Restate the full set of records exactly, word for word.

------ STUDY MATERIAL

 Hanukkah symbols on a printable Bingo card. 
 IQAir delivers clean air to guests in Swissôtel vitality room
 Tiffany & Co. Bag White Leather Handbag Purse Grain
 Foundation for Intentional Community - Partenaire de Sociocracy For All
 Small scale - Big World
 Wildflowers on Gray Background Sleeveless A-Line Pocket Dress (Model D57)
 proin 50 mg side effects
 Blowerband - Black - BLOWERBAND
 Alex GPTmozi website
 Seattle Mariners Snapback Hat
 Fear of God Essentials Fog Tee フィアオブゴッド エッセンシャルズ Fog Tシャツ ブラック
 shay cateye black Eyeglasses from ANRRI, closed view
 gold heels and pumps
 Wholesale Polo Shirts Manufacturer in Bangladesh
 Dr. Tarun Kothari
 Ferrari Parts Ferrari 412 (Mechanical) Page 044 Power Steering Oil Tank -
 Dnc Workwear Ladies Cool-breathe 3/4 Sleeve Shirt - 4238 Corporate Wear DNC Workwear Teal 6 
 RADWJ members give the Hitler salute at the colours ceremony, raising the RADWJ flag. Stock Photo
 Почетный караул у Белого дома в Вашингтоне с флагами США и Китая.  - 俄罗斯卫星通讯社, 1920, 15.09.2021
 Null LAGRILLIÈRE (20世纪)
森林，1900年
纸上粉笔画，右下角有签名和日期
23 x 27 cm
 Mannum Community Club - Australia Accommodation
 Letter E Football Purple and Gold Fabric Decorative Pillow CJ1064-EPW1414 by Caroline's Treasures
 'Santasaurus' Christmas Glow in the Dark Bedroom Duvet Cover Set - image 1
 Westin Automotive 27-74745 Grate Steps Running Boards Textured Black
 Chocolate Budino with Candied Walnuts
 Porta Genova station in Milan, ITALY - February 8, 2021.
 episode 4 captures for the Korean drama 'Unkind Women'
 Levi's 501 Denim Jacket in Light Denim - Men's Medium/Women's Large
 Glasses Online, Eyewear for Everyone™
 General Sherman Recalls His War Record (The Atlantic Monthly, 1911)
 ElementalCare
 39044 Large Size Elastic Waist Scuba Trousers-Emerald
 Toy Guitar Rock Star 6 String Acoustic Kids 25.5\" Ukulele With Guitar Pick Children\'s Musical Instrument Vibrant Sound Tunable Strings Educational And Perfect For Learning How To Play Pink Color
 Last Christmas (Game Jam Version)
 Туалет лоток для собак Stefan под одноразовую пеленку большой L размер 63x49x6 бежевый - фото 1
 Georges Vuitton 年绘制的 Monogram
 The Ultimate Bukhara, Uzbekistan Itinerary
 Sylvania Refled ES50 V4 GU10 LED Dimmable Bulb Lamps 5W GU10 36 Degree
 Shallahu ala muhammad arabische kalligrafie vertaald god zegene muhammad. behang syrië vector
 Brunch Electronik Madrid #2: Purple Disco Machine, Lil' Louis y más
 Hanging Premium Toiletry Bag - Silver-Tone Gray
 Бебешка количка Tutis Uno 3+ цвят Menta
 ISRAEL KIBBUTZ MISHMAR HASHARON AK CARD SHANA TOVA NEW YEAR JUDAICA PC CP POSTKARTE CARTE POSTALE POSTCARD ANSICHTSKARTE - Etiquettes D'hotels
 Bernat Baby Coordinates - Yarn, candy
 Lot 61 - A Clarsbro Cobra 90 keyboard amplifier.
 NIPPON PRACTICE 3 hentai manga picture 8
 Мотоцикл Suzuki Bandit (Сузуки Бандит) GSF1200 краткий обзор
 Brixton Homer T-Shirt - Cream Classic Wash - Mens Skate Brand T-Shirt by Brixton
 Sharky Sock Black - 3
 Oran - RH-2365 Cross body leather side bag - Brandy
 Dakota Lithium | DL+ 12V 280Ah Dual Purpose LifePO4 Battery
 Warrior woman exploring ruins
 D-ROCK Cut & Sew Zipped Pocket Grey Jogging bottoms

------------

- **ANSWER**:
 Hanukkah symbols on a printable Bingo card. 
 IQAir delivers clean air to guests in Swissôtel vitality room
 Tiffany & Co. Bag White Leather Handbag Purse Grain
 Foundation for Intentional Community - Partenaire de Sociocracy For All
 Small scale - Big World
 Wildflowers on Gray Background Sleeveless A-Line Pocket Dress (Model D57)
 proin 50 mg side effects
 Blowerband - Black - BLOWERBAND
 Alex GPTmozi website
 Seattle Mariners Snapback Hat
 Fear of God Essentials Fog Tee フィアオブゴッド エッセンシャルズ Fog Tシャツ ブラック
 shay cateye black Eyeglasses from ANRRI, closed view
 gold heels and pumps
 Wholesale Polo Shirts Manufacturer in Bangladesh
 Dr. Tarun Kothari
 Ferrari Parts Ferrari 412 (Mechanical) Page 044 Power Steering Oil Tank -
 Dnc Workwear Ladies Cool-breathe 3/4 Sleeve Shirt - 4238 Corporate Wear DNC Workwear Teal 6 
 RADWJ members give the Hitler salute at the colours ceremony, raising the RADWJ flag. Stock Photo
 Почетный караул у Белого дома в Вашингтоне с флагами США и Китая.  - 俄罗斯卫星通讯社, 1920, 15.09.2021
 Null LAGRILLIÈRE (20世纪)
森林，1900年
纸上粉笔画，右下角有签名和日期
23 x 27 cm
 Mannum Community Club - Australia Accommodation
 Letter E Football Purple and Gold Fabric Decorative Pillow CJ1064-EPW1414 by Caroline's Treasures
 'Santasaurus' Christmas Glow in the Dark Bedroom Duvet Cover Set - image 1
 Westin Automotive 27-74745 Grate Steps Running Boards Textured Black
 Chocolate Budino with Candied Walnuts
 Porta Genova station in Milan, ITALY - February 8, 2021.
 episode 4 captures for the Korean drama 'Unkind Women'
 Levi's 501 Denim Jacket in Light Denim - Men's Medium/Women's Large
 Glasses Online, Eyewear for Everyone™
 General Sherman Recalls His War Record (The Atlantic Monthly, 1911)
 ElementalCare
 39044 Large Size Elastic Waist Scuba Trousers-Emerald
 Toy Guitar Rock Star 6 String Acoustic Kids 25.5\" Ukulele With Guitar Pick Children\'s Musical Instrument Vibrant Sound Tunable Strings Educational And Perfect For Learning How To Play Pink Color
 Last Christmas (Game Jam Version)
 Туалет лоток для собак Stefan под одноразовую пеленку большой L размер 63x49x6 бежевый - фото 1
 Georges Vuitton 年绘制的 Monogram
 The Ultimate Bukhara, Uzbekistan Itinerary
 Sylvania Refled ES50 V4 GU10 LED Dimmable Bulb Lamps 5W GU10 36 Degree
 Shallahu ala muhammad arabische kalligrafie vertaald god zegene muhammad. behang syrië vector
 Brunch Electronik Madrid #2: Purple Disco Machine, Lil' Louis y más
 Hanging Premium Toiletry Bag - Silver-Tone Gray
 Бебешка количка Tutis Uno 3+ цвят Menta
 ISRAEL KIBBUTZ MISHMAR HASHARON AK CARD SHANA TOVA NEW YEAR JUDAICA PC CP POSTKARTE CARTE POSTALE POSTCARD ANSICHTSKARTE - Etiquettes D'hotels
 Bernat Baby Coordinates - Yarn, candy
 Lot 61 - A Clarsbro Cobra 90 keyboard amplifier.
 NIPPON PRACTICE 3 hentai manga picture 8
 Мотоцикл Suzuki Bandit (Сузуки Бандит) GSF1200 краткий обзор
 Brixton Homer T-Shirt - Cream Classic Wash - Mens Skate Brand T-Shirt by Brixton
 Sharky Sock Black - 3
 Oran - RH-2365 Cross body leather side bag - Brandy
 Dakota Lithium | DL+ 12V 280Ah Dual Purpose LifePO4 Battery
 Warrior woman exploring ruins
 D-ROCK Cut & Sew Zipped Pocket Grey Jogging bottoms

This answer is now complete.